*Task to carry out*.
Could you write out exactly, and only, the lines from the one containing "Maxhome thi công" through the last line of the data, leaving out all pictures?

*Dataset records*.
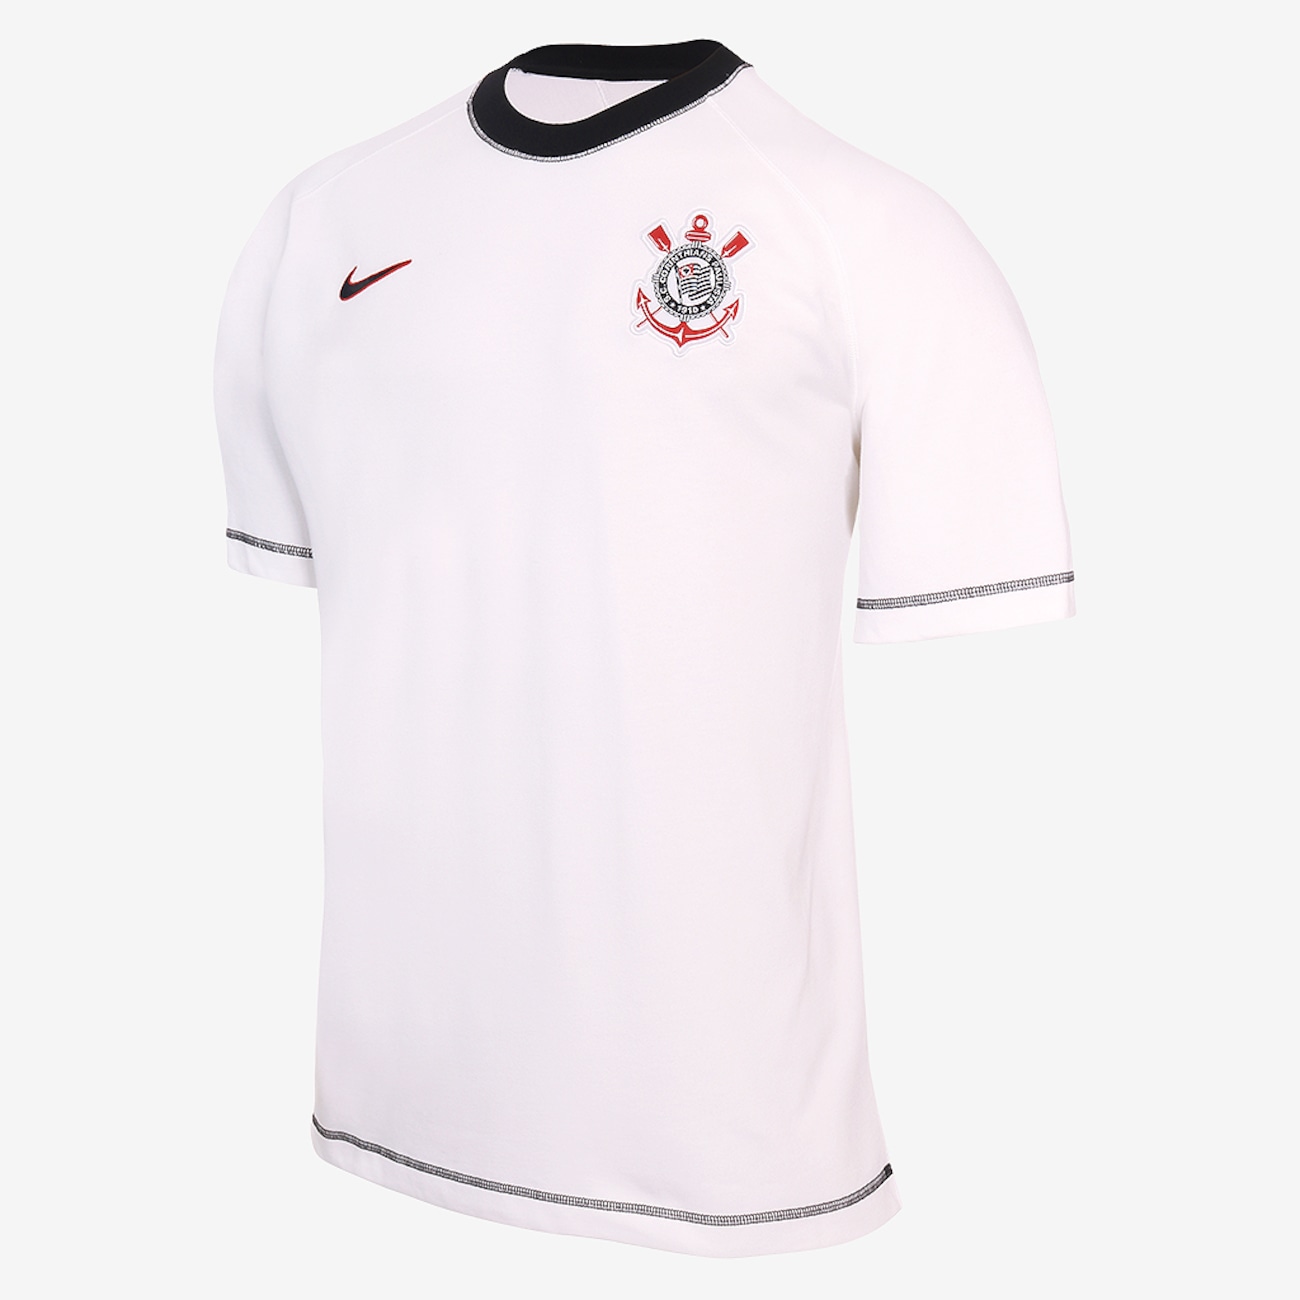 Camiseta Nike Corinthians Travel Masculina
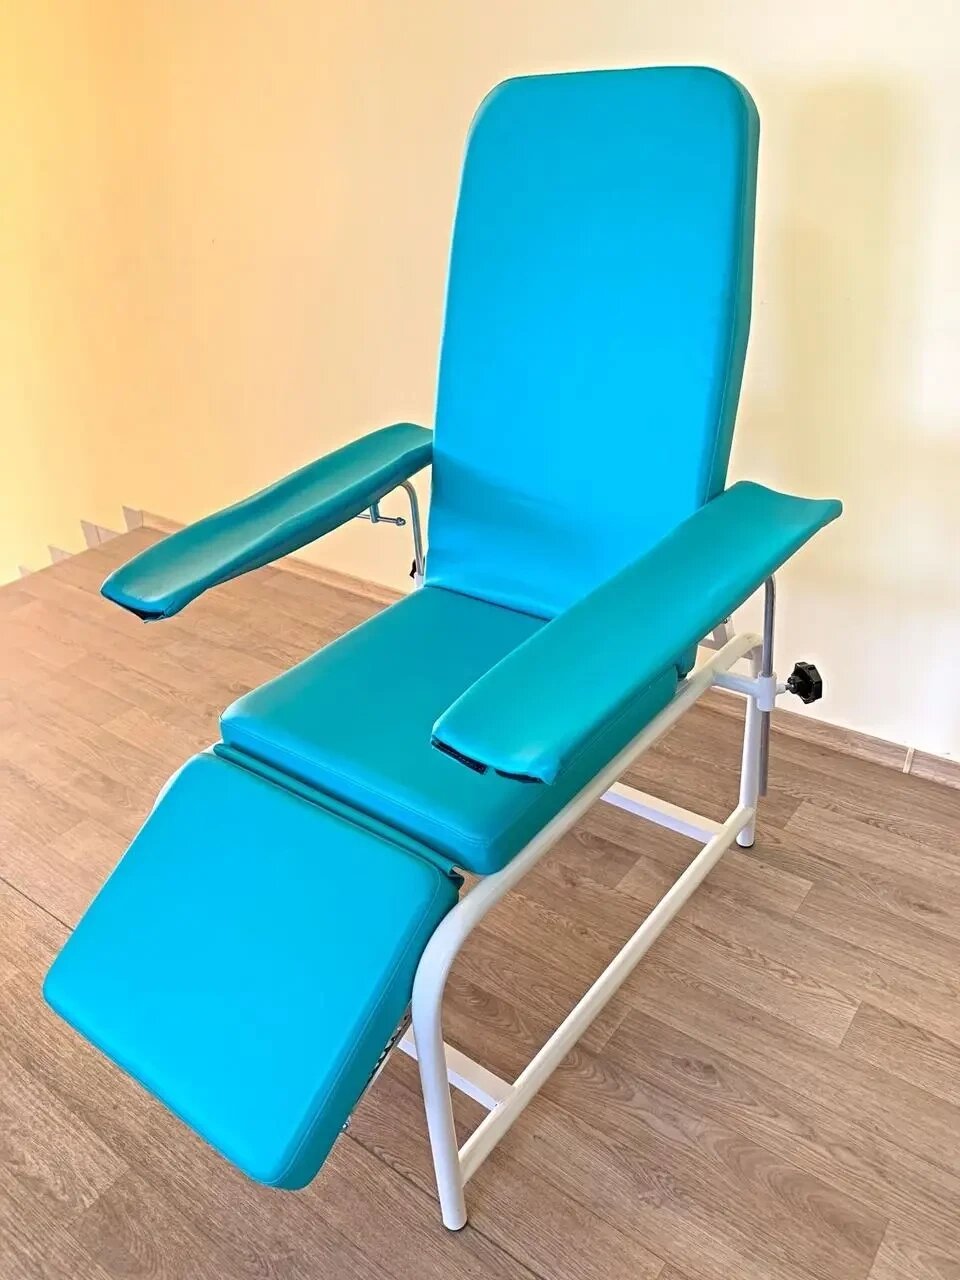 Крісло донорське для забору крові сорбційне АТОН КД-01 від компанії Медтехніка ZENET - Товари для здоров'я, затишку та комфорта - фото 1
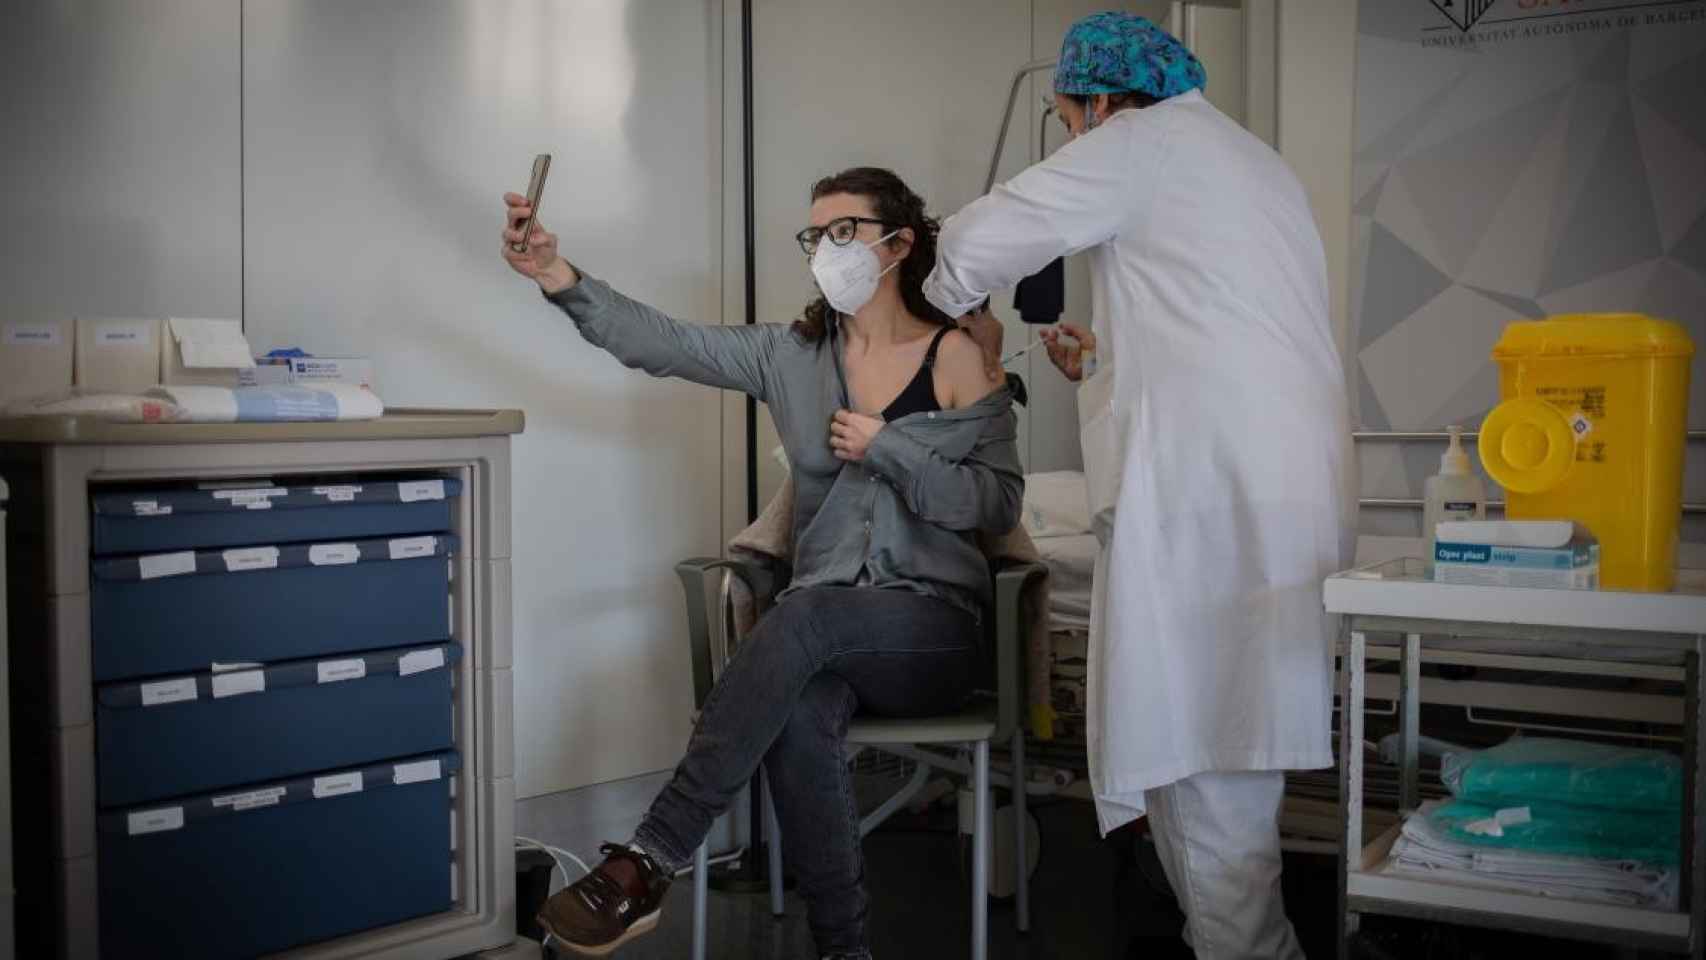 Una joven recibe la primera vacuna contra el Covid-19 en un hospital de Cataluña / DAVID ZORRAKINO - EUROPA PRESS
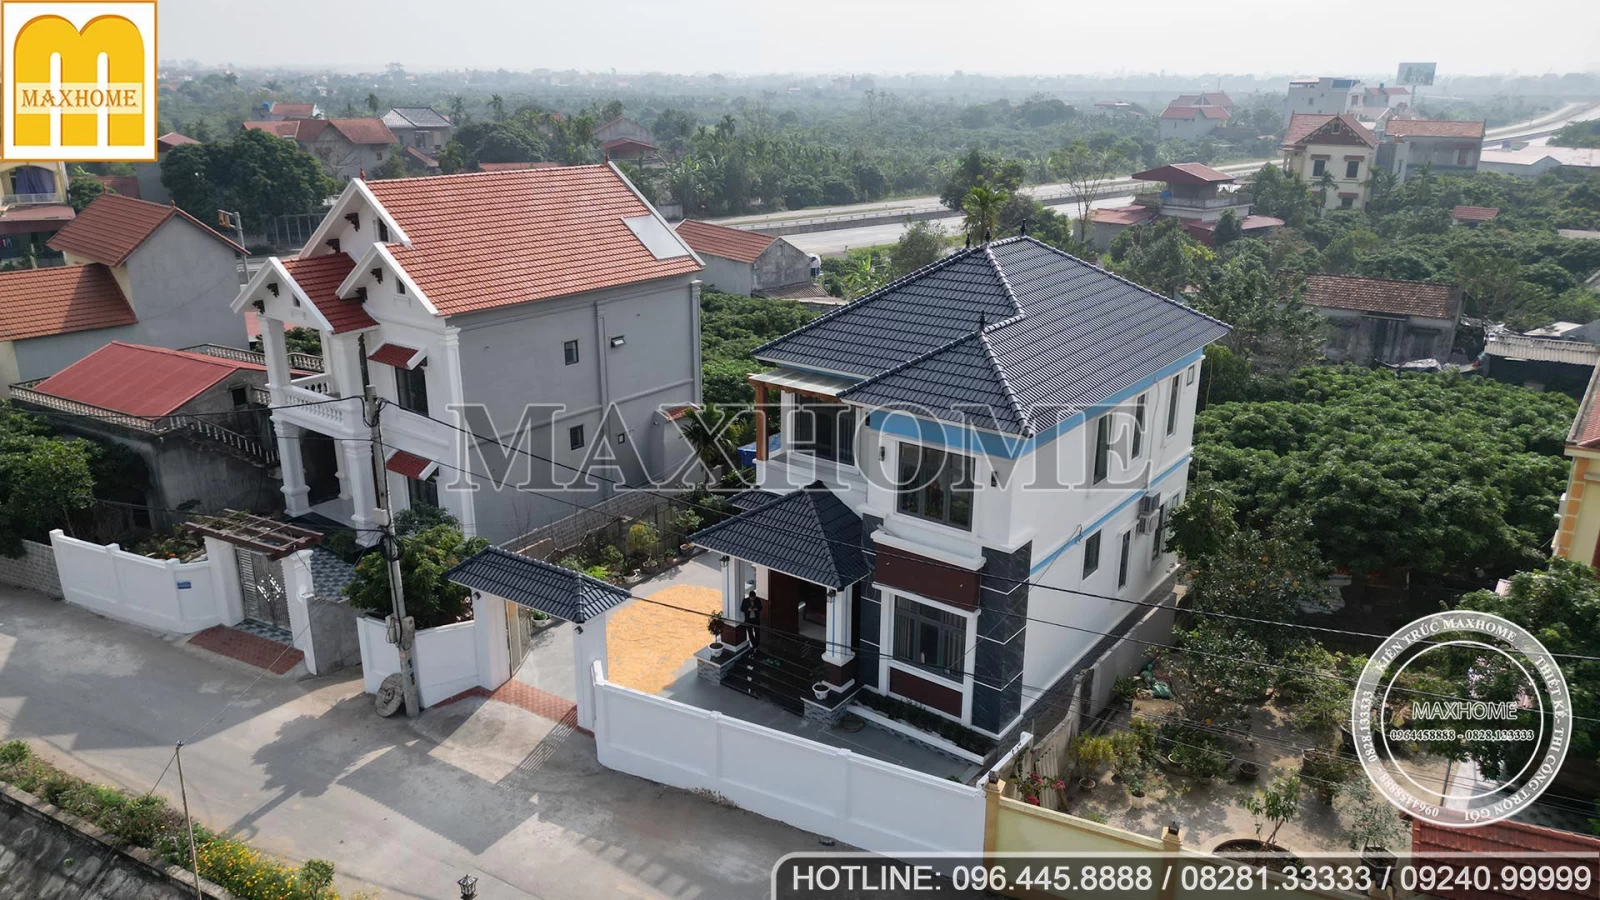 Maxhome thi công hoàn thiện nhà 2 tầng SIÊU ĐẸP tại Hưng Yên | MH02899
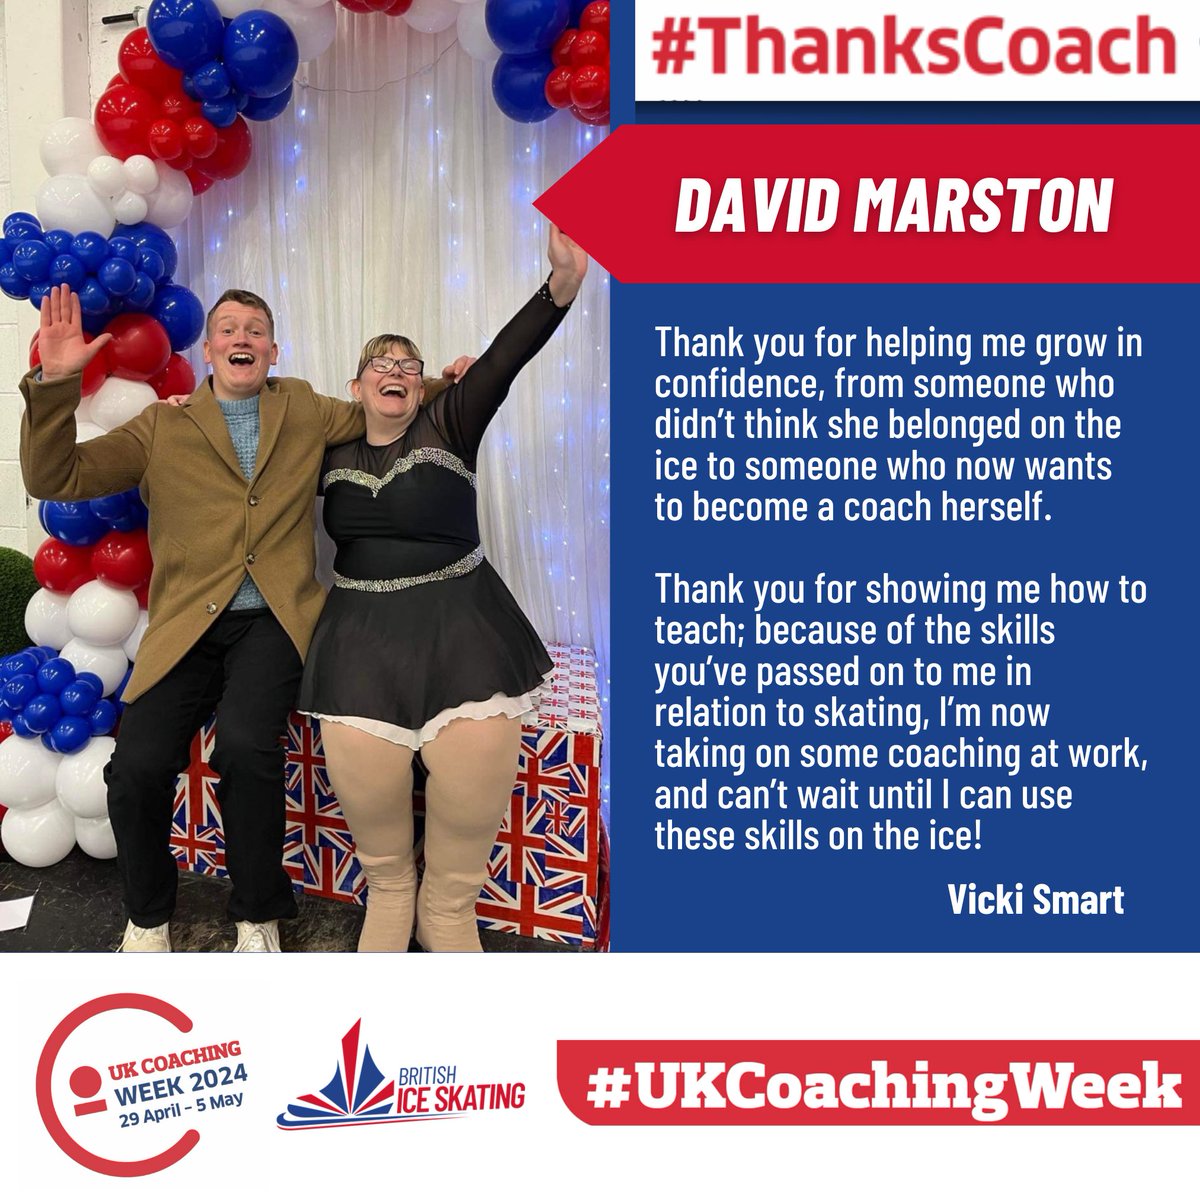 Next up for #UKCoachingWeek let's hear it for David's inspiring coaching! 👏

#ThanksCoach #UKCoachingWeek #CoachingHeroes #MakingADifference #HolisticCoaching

*Finished exercise*.
 Maxhome thi công hoàn thiện nhà 2 tầng SIÊU ĐẸP tại Hưng Yên | MH02899
 Next up for #UKCoachingWeek let's hear it for David's inspiring coaching! 👏

#ThanksCoach #UKCoachingWeek #CoachingHeroes #MakingADifference #HolisticCoaching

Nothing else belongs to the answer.